In a free society, consumers determine what is produced by choosing where to spend the incomes they’ve earned through hard work and thrift. Consumer sovereignty directs labor and capital to create the mix of goods and services that consumers want. Businesses either produce them efficiently or fail.

Politicians who advocate focusing on jobs propose that we allow government to direct how labor is employed, how capital is invested, and which goods and services are made available to consumers. That concept isn’t exactly novel: Allowing the “best and brightest” to choose such arrangements has been tried and rejected for eons. The idea of letting those who earn their incomes by the sweat of their brows decide how to spend their own money is relatively new and revolutionary.

It’s also proved fruitful. Five thousand years of experience has shown that politicians and bureaucrats don’t possess unique insight into what should be produced or how. Even if they were somehow to possess such knowledge, in time they would use their power to promote their own interests, at the expense of consumers and workers alike.

Would politicians in both parties be trying to outdo each other in vowing to save manufacturing jobs if industrial employees weren’t swing voters in the states that will decide the presidential election? When the bill for their protectionist policies arrives, it’s clear who will pay: consumers in the form of higher prices, and unprotected sectors of the economy in the form of lost jobs. When the cost of tariffs hits a politically powerful group, as it did when recent retaliation cost agriculture $28 billion, taxpayers pick up the tab in the form of additional subsidies.

When government tries to conceal the negative effects of tariffs and subsidies, the costs grow. Morris Chang, founding chairman of Taiwan Semiconductor Manufacturing Corp., which accepted billions of dollars in subsidies to build computer-chip manufacturing facilities in Arizona, mused in 2023 that “if you give up the competitive advantage in Taiwan and move to the U.S.—which has already happened—costs would be 50% higher than in Taiwan.”

If U.S.-subsidized computer chips cost 50% more than the world market price, how long will it be before Washington imposes tariffs on foreign-made chips? As chips play a significant role in modern manufactured goods, will domestic producers be able to compete in selling products made with more expensive inputs?

Protectionism and industrial policy misallocate resources and reduce economic efficiency. When firms in a free market produce outputs that consumers won’t buy, the money entrepreneurs and investors lose is their own. When protectionists and industrial-policy planners make mistakes, they often mask them with more subsidies and tariffs—at taxpayers’ expense. Think, in the first case, of Ford: When Americans didn’t buy the Edsel, the company lost money and stopped selling the model. Conversely, when Americans haven’t bought heavily subsidized electric vehicles, the government has imposed tariffs on EV imports—taxes that consumers pay.
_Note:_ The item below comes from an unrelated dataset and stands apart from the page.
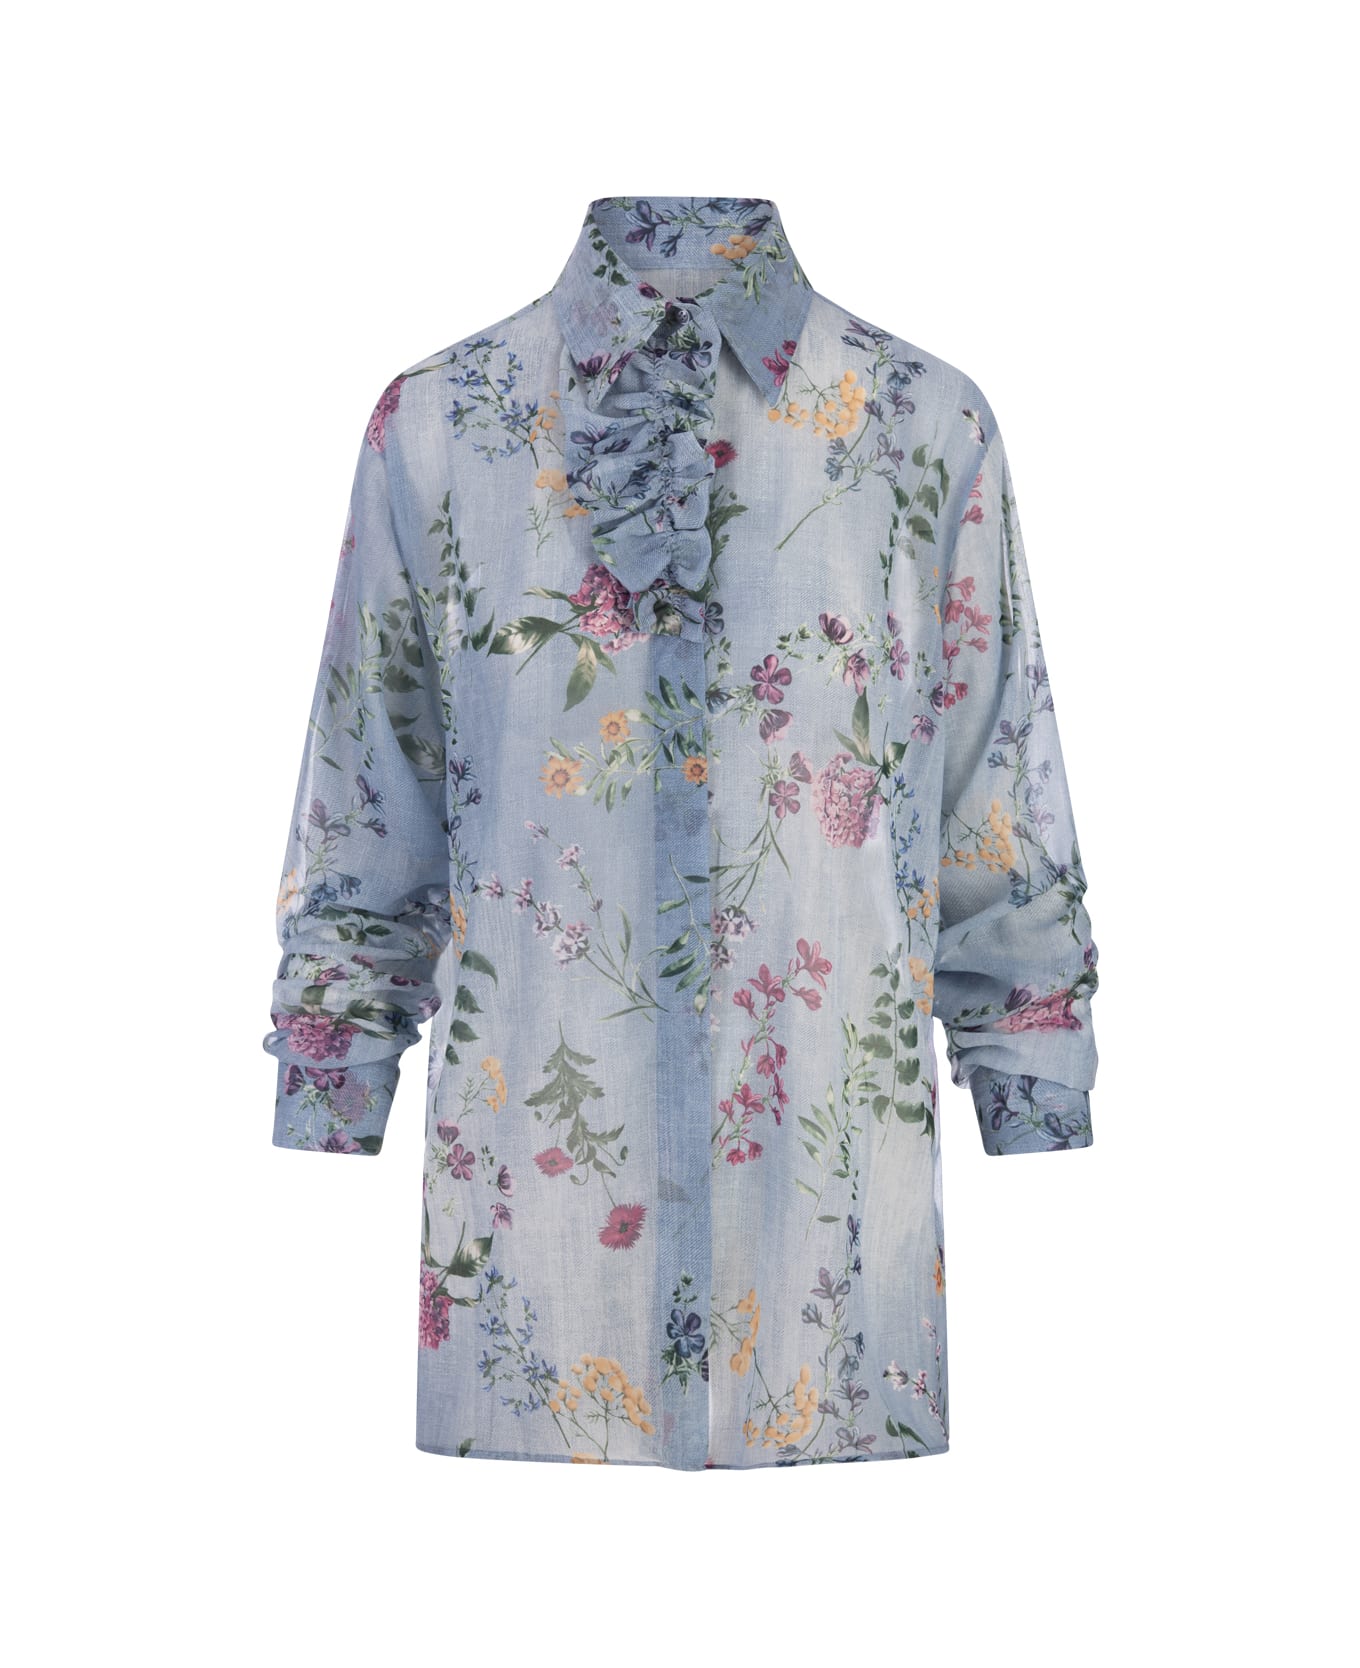 Ermanno Scervino Soft Shirt With Floral Print - Blue シャツ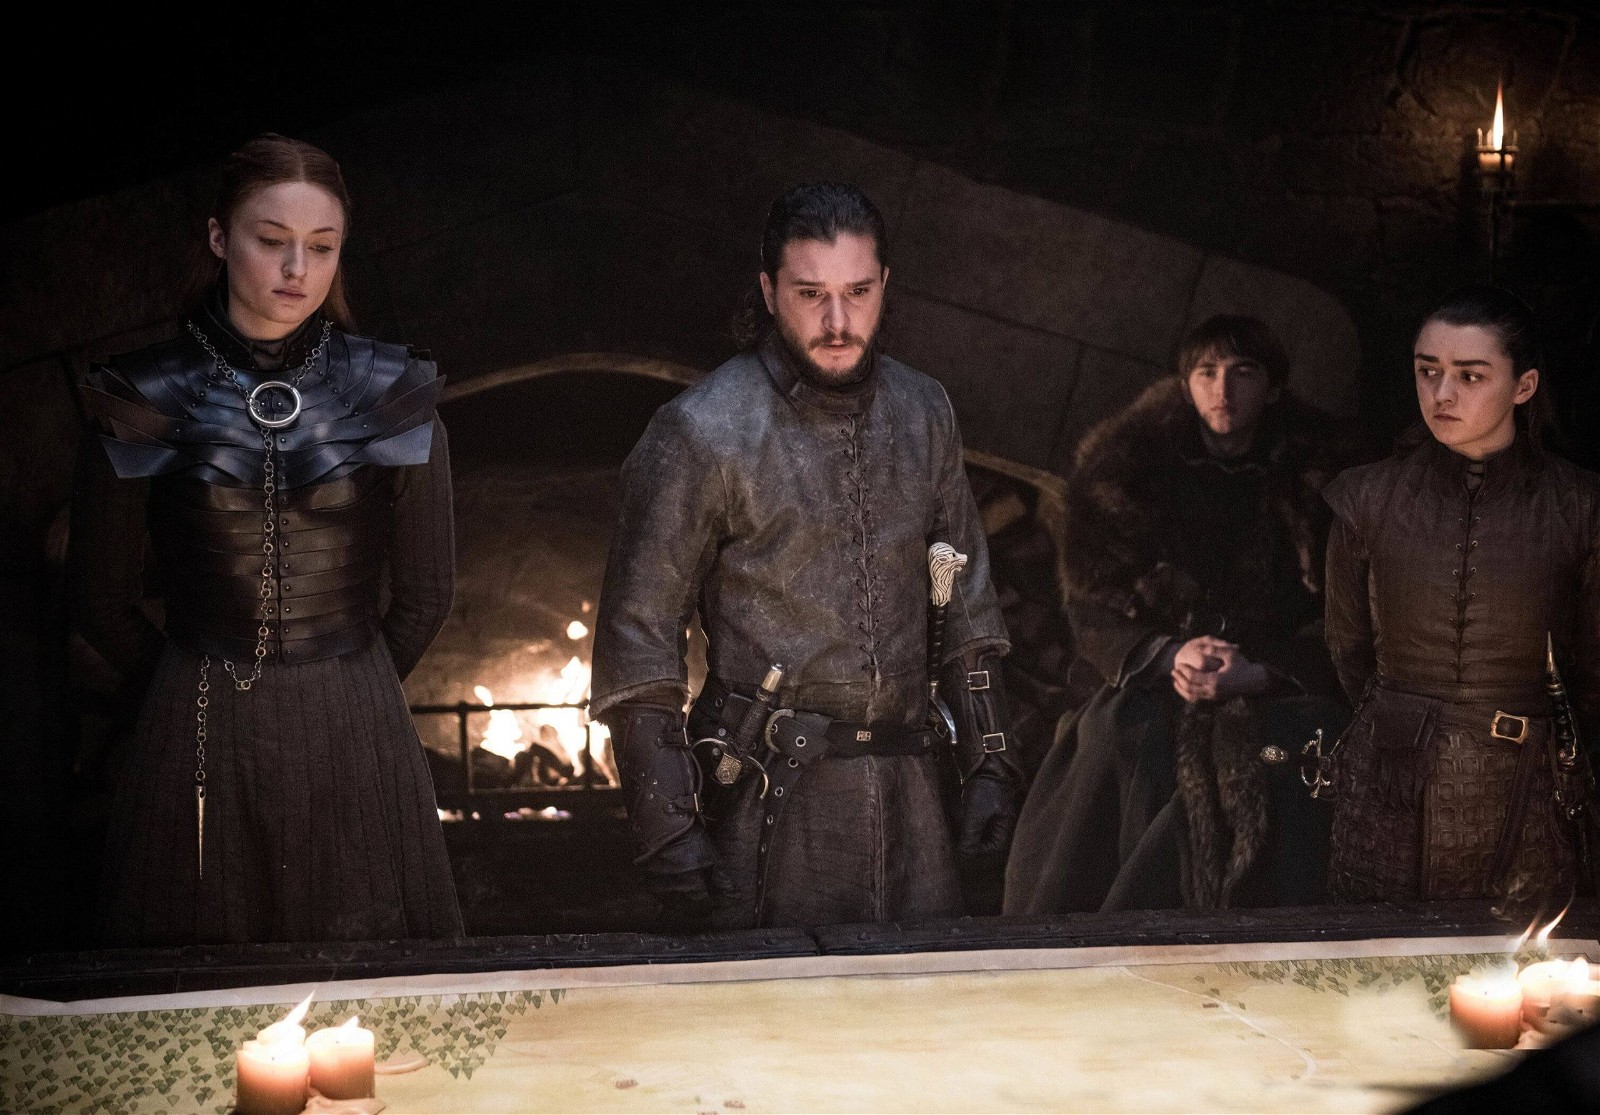 Maisie Williams with Sophie Turner, Kit Harington, and Isaac Hempstead-Wright in Game of Thrones

Adam Smith was on to something when he wrote: “Consumption is the sole end and purpose of all production; and the interest of the producer ought to be attended to only so far as it may be necessary for promoting that of the consumer.” The American people would be better served if we heeded that enduring wisdom rather than let Donald Trump or Kamala Harris decide which jobs should be created

Mr. Gramm, a former chairman of the Senate Banking Committee, is a nonresident senior fellow at the American Enterprise Institute. Mr. Boudreaux is a professor of economics at George Mason University and the Mercatus Center. Mike Solon contributed to this article.